Bahaha. I love the one with Cupids mouth open


----------



## Philiko (May 16, 2012)

Gorgeous


----------



## bjknight93 (Nov 13, 2011)

Very cute!


----------



## Scribbles (Jun 28, 2012)

Awww, what a couple of sweeties.


----------



## JaimeS (Nov 28, 2011)

I have been waiting for more pics of these guys lol! I like Cupid in the background of the first one, he is really standing at attention! And I like his open beak one. Aero always looks so soft and cuddly.


----------



## lperry82 (Aug 2, 2010)

Absolutely gorgeous


----------



## Dreamcatchers (Apr 17, 2011)

Beautiful!!!


----------



## acrobandit (Jul 21, 2012)

That first picture is amazing!


----------



## nassrah (Feb 27, 2012)

Absolutely gorgeous X x


----------



## roxy culver (May 27, 2010)

Its OK, Cinnamon is the background for my phone!!!

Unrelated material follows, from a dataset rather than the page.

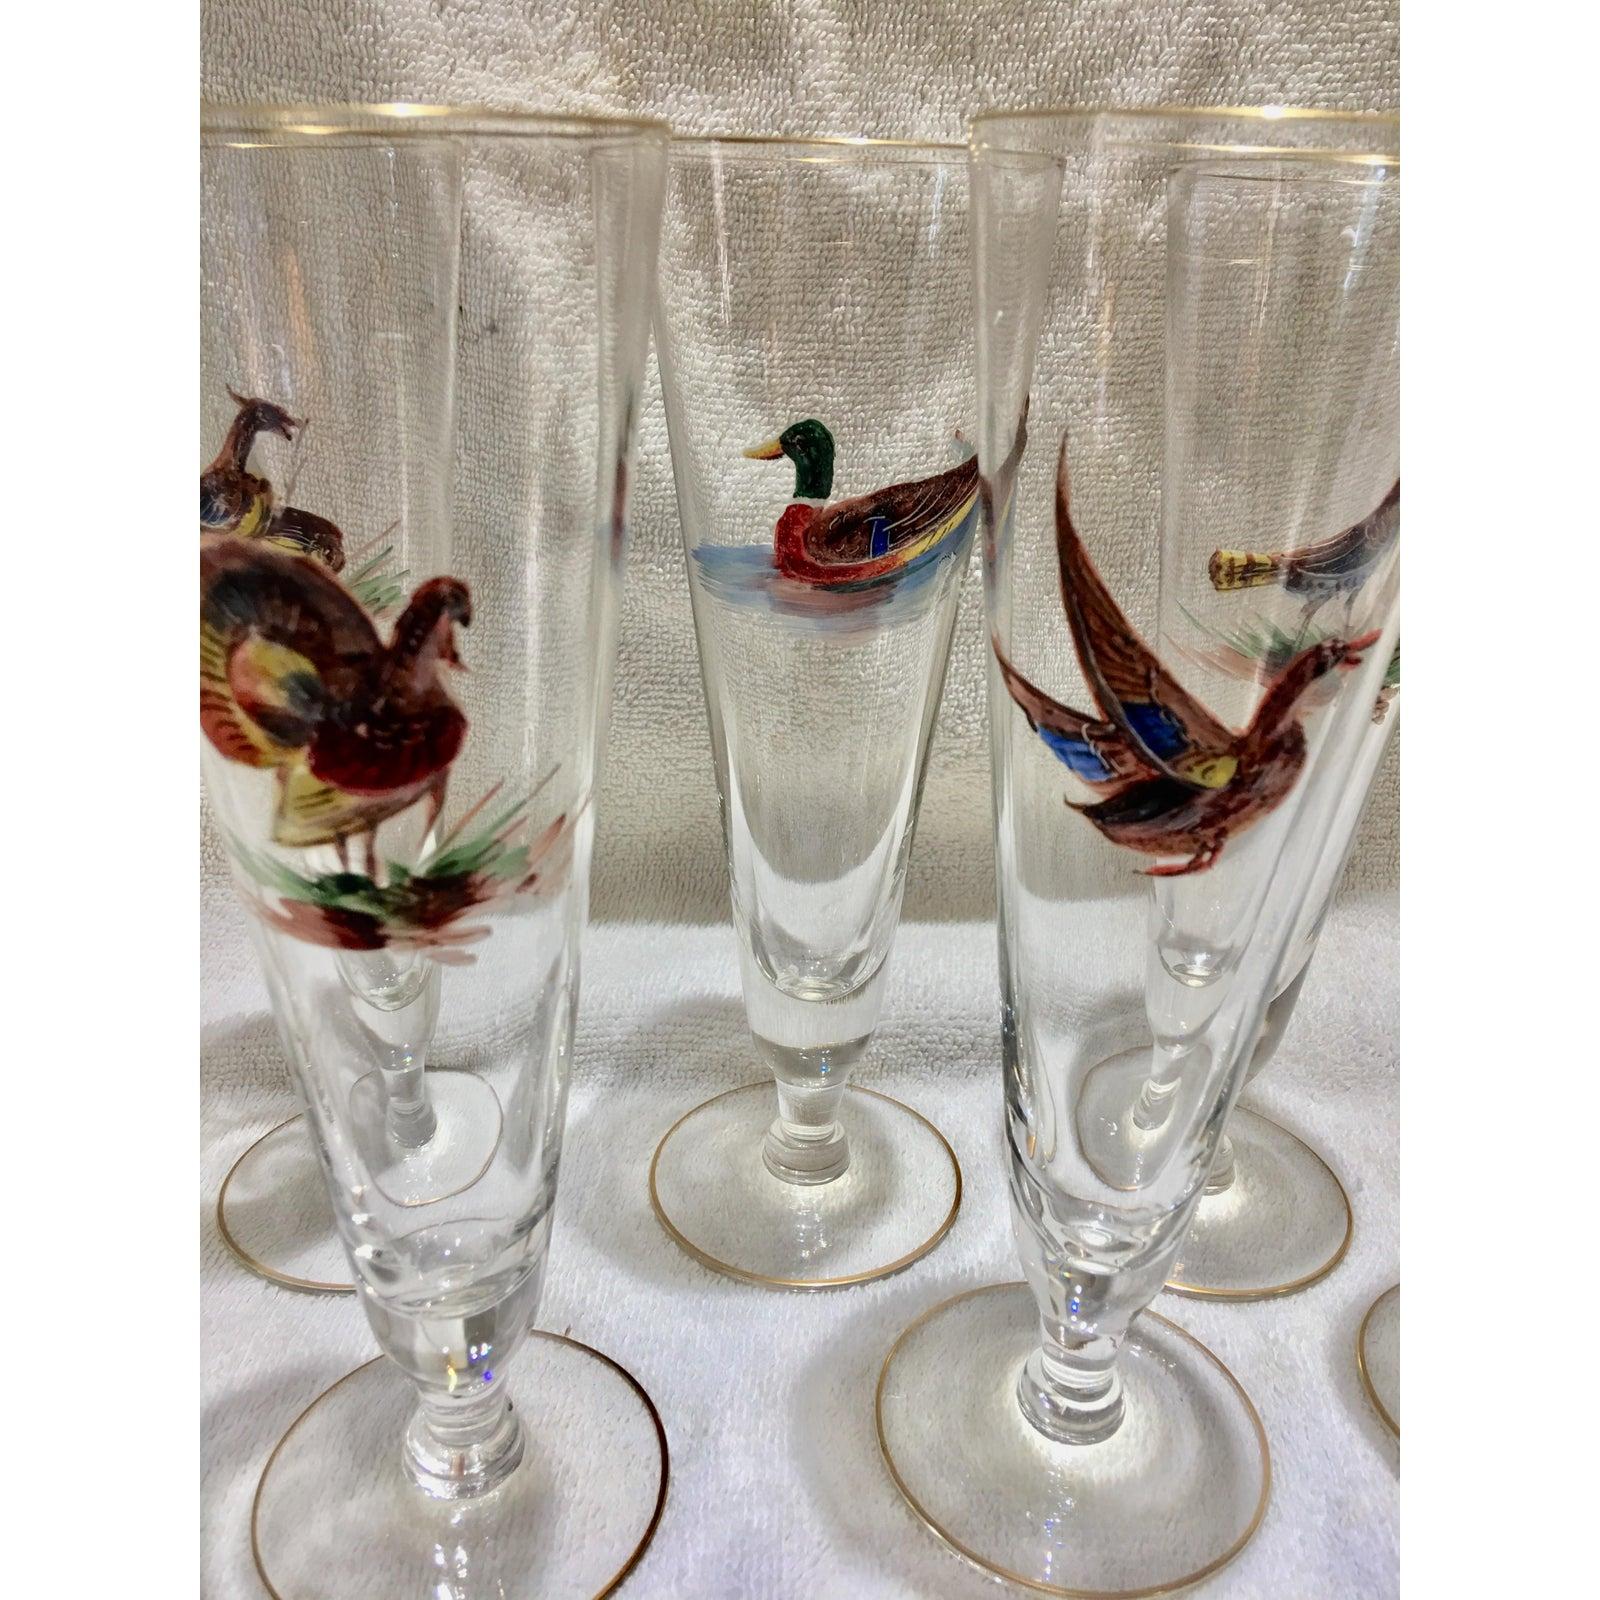 European Set of 8 Tall Pilsner Glasses or Champagne Flutes with Enameled Birds

Love them...Aero is SO photogenic!!!


----------



## xoxsarahxox (Dec 13, 2010)

Thanks everyone!!!


yea, Cupid is hard to get good pictures of because he never stays still


----------



## vampiric_conure (Jul 8, 2012)

Bluestreak is hard to photograph, too, because he flips out at the sight of the flash. He sees the flash and like a kid, he lifts his wings as if startled, LOL


----------



## JaimeS (Nov 28, 2011)

I rotate birds for my phone background. Before birds it was always my hubby but now, just birds. Or occasionally one with him and the birds.


----------



## bearycakes (Jul 20, 2012)

Such cute pictures, but I love the napping one


----------



## ZainShahid (Jul 8, 2012)

The one with Cupid getting scrithches is TOO cute


----------



## Fortunate (Oct 31, 2011)

I love the 1st photo - my backround is always the birds........ you not alone, and I seem to only upload pet pictures onto Facebook too!


----------



## RexiesMuM (Sep 7, 2011)

Cupid is so adorable !!! I love the one of Aero sleeping what a precious girl


----------